Luego de introducir considerables mejoras técnicas a un instrumento óptico usado en
Holanda para anticipar la llegada de los barcos a puerto, Galileo utilizó su telescopio
para examinar los cielos, y en 1609 publicó sus observaciones en un libro titulado El
legado de los astros. La conclusión más importante a la que se puede llegar después de
leer el texto de Galileo es que los astros tienen poco o nada qué ver con los cuerpos
celestiales, perfectos e inmutables, que predicaba la filosofía escolástica. Ni la Luna era
una esfera de plata bruñida, ni la Tierra el único centro de los movimientos
astronómicos, como pueden atestiguar las cuatro lunas que orbitan en torno a Júpiter,
configurando un sistema Copernicano en miniatura. Aunque las observaciones
astronómicas efectuadas por Galileo no constituyen una prueba concluyente de la
veracidad del modelo copernicano, sí le dan un fuerte impulso al demostrar la
incorrección del sistema geocéntrico sustentado por Aristóteles y Ptolomeo, y defendido
por sus discípulos peripatéticos. Mucho menos publicitada, pero no menos importante
que las observaciones de Galileo, fue la publicación en 1609 de Astronomía Nova del
astrónomo protestante Johannes Kepler, en la que se refina el modelo copernicano y se
lleva la astronomía a un grado de sencillez y a una precisión nunca antes alcanzada
mediante los epiciclos de Hiparco que servían como elemento de cálculo en el modelo
de Ptolomeo.
Posiblemente uno de los factores que influyó en mayor grado en la consolidación del
copernicanismo como una nueva visión del mundo haya sido la conmoción que causó el
juicio y la posterior condena de Galileo a manos de la Santa Inquisición, luego de la
publicación en 1633 de su libro titulado Diálogos sobre los dos grandes sistemas del
mundo. Uno de los efectos inmediatos de la decisión eclesiástica fue la de llevar casi a
la extinción la actividad científica y el libre ejercicio de la razón en los reinos y las
colonias del orbe católico –situación de la cual todavía no nos hemos acabado de
reponer–. Entre tanto, en los demás países europeos el modelo de Copérnico fue mejor
recibido, gracias, en parte, a la flexibilidad mental que ofrece la doctrina protestante del
libre examen, que de igual manera que puede conducir al más extremo fanatismo
religioso, también puede hacer posible la obra de un Kepler o de un Newton.

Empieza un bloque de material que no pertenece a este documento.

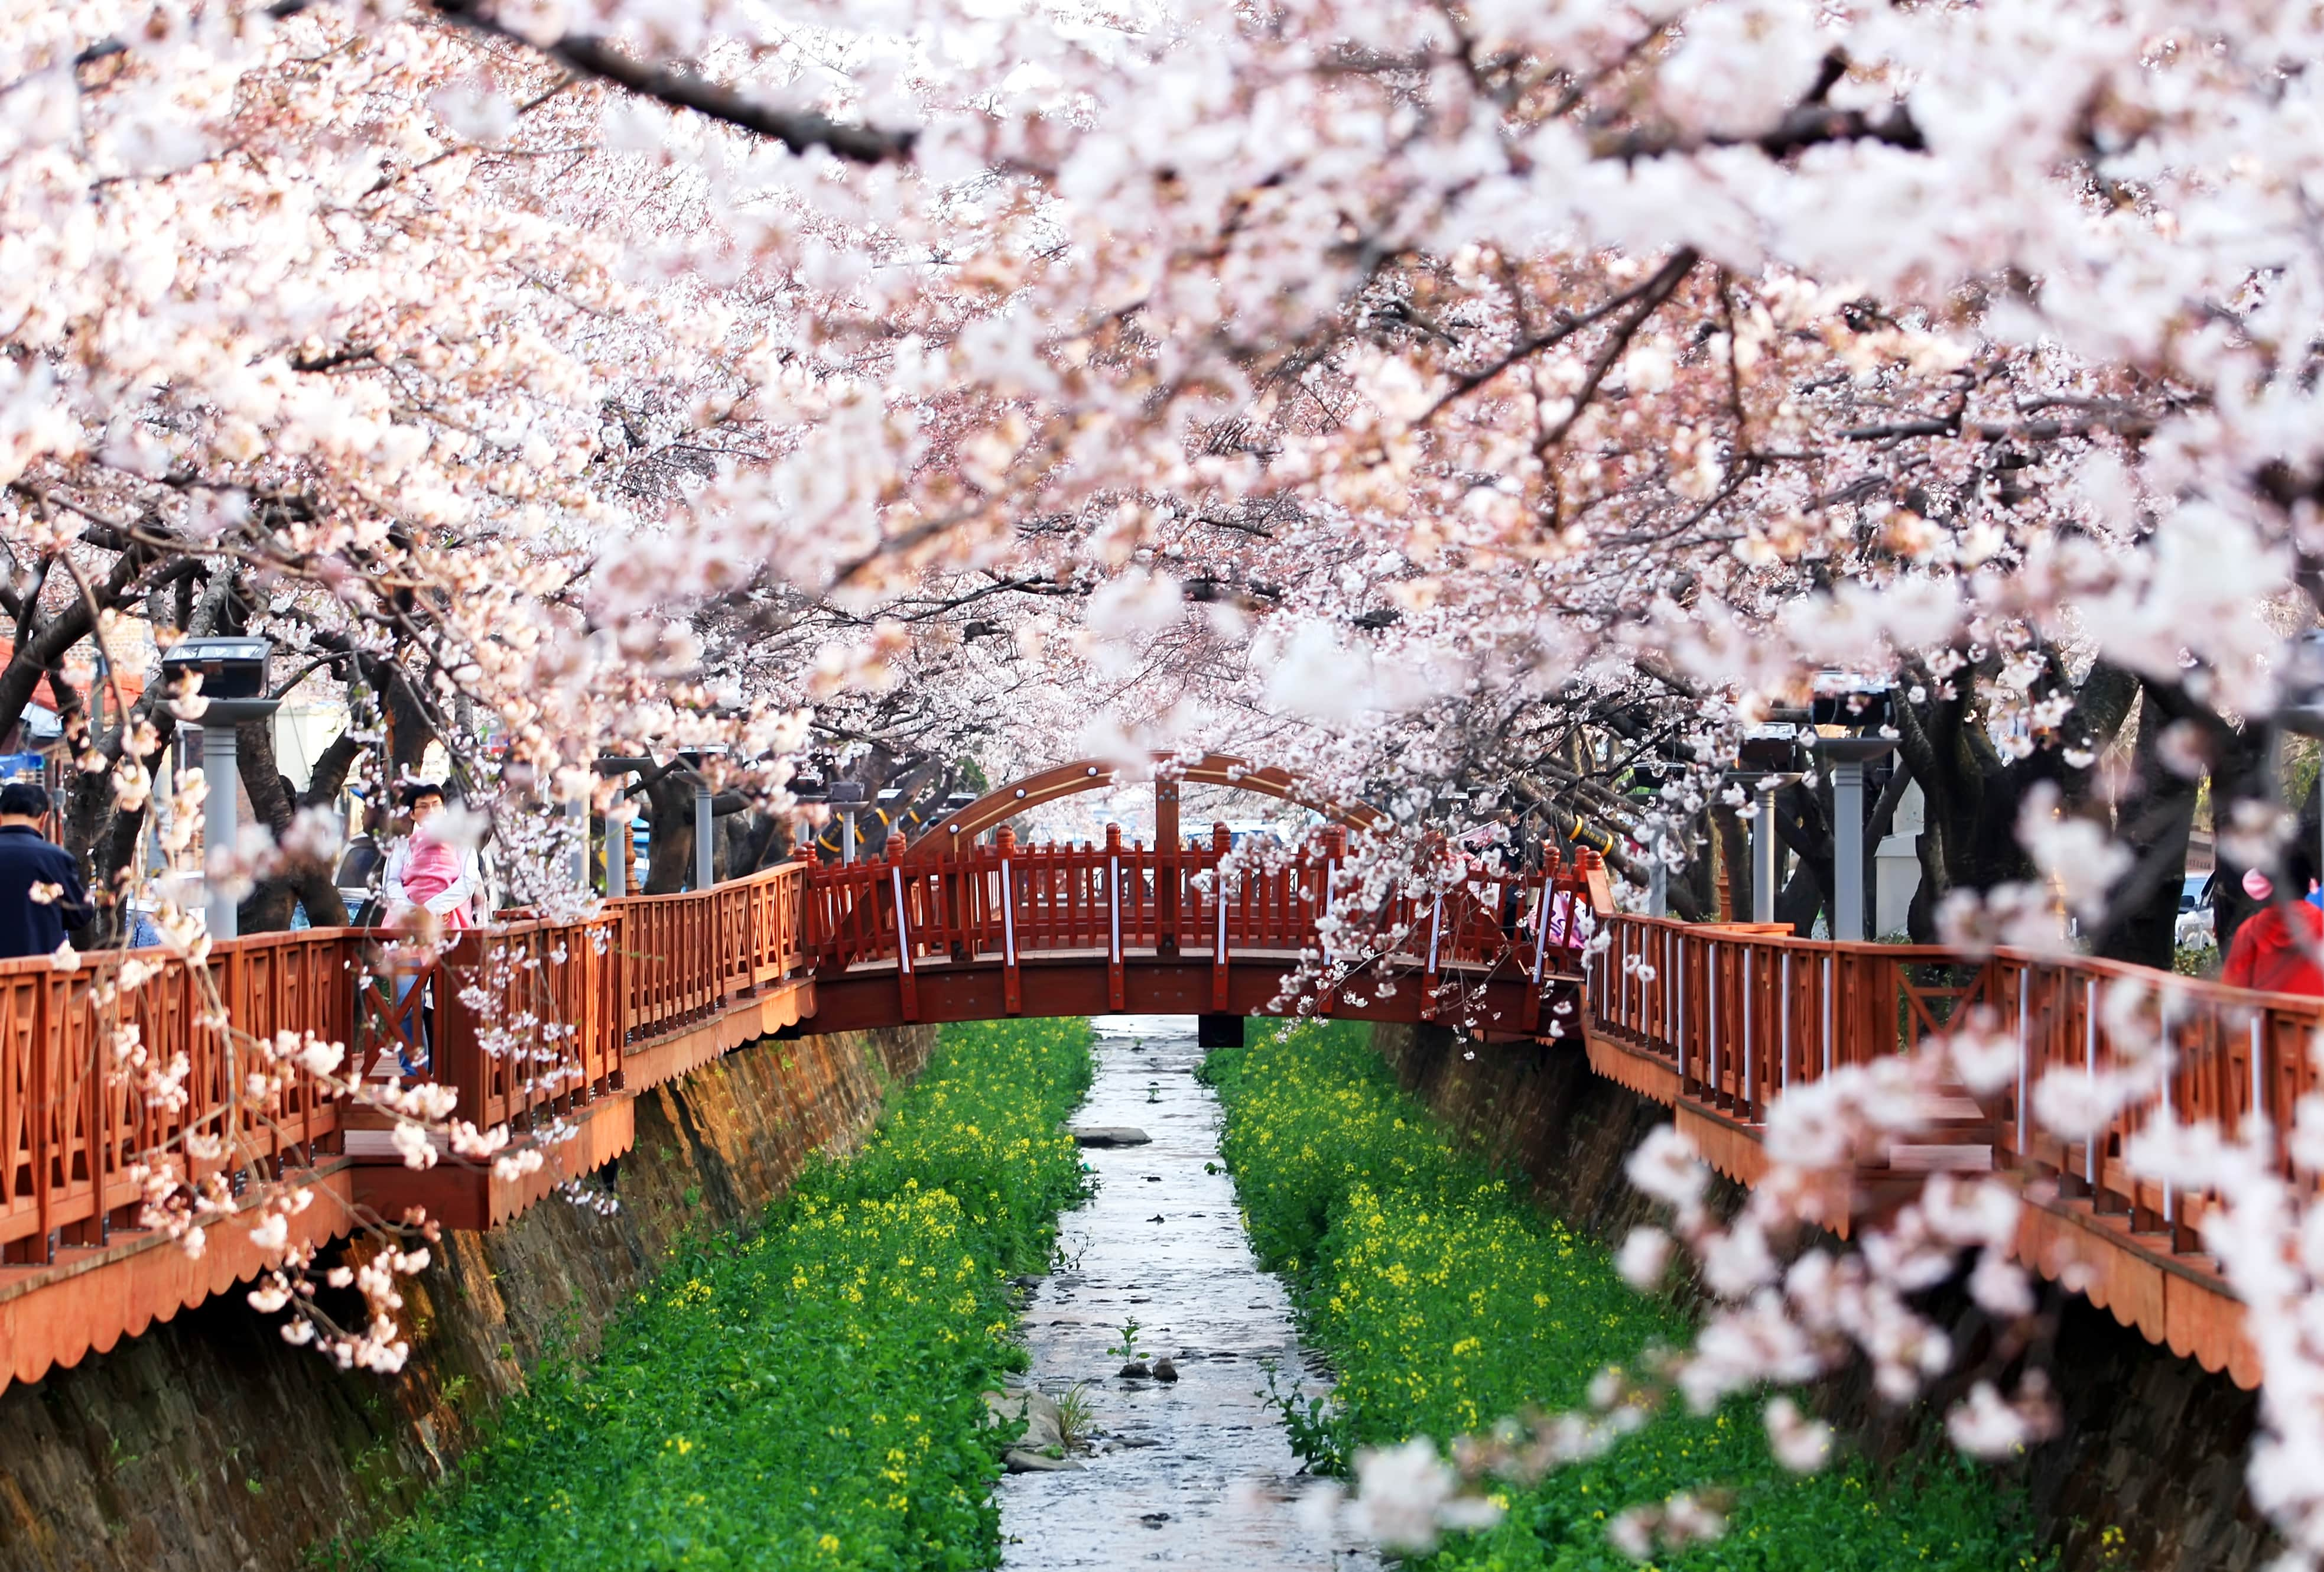 galian-bandar-dan-pesta-bunga-sakura-secret-world

En el año de 1687 Isaac Newton publicó los Principios matemáticos de la filosofía
natural, o Principia, y al hacerlo sentó las bases de la ciencia moderna. Desde la
ventajosa perspectiva que según sus propias palabras le daba el estar parado sobre los
hombros de dos gigantes, Kepler y Galileo, Newton resolvió el problema matemático
del movimiento astronómico y estableció los principios para el estudio de cualquier otro
problema relacionado con el movimiento de los cuerpos. La asombrosa precisión y
contundencia de los resultados de la mecánica newtoniana, pese a sus limitaciones e
inconsistencias internas, la convirtieron muy pronto en el paradigma del conocimiento,
hasta el punto de ensombrecer o anular toda teoría que no estuviera dentro de sus
lineamientos, tal como sucedió con la teoría ondulatoria de la luz de Christiaan
Huygens.
La aparición de los Principia coincide con un notable avance en el desarrollo de la
tecnología y con el mejoramiento de los instrumentos de medición y de observación
astronómica y microscópica. La humanidad ahora disponía de una teoría confiable y del
conocimiento de las leyes básicas que rigen los fenómenos naturales, y contaba con
instrumentos adecuados para estudiarlos. El propio Newton realizó avances notables en
el estudio de la óptica y en el desarrollo técnico de los telescopios de reflexión. Los
exploradores que se dedicaban al reconocimiento del mundo contaban cada vez con
mejores recursos para realizar sus observaciones. La geodesia y la observación
astronómica, auxiliares indispensables de la navegación y de la exploración hicieron
grandes progresos. La mecánica de Newton no sólo sirvió para explicar que las mareas
y la precesión de los equinoccios son fenómenos de origen gravitacional, sino que
realizó predicciones sobre la deformación de la esfera terrestre por efecto de la rotación.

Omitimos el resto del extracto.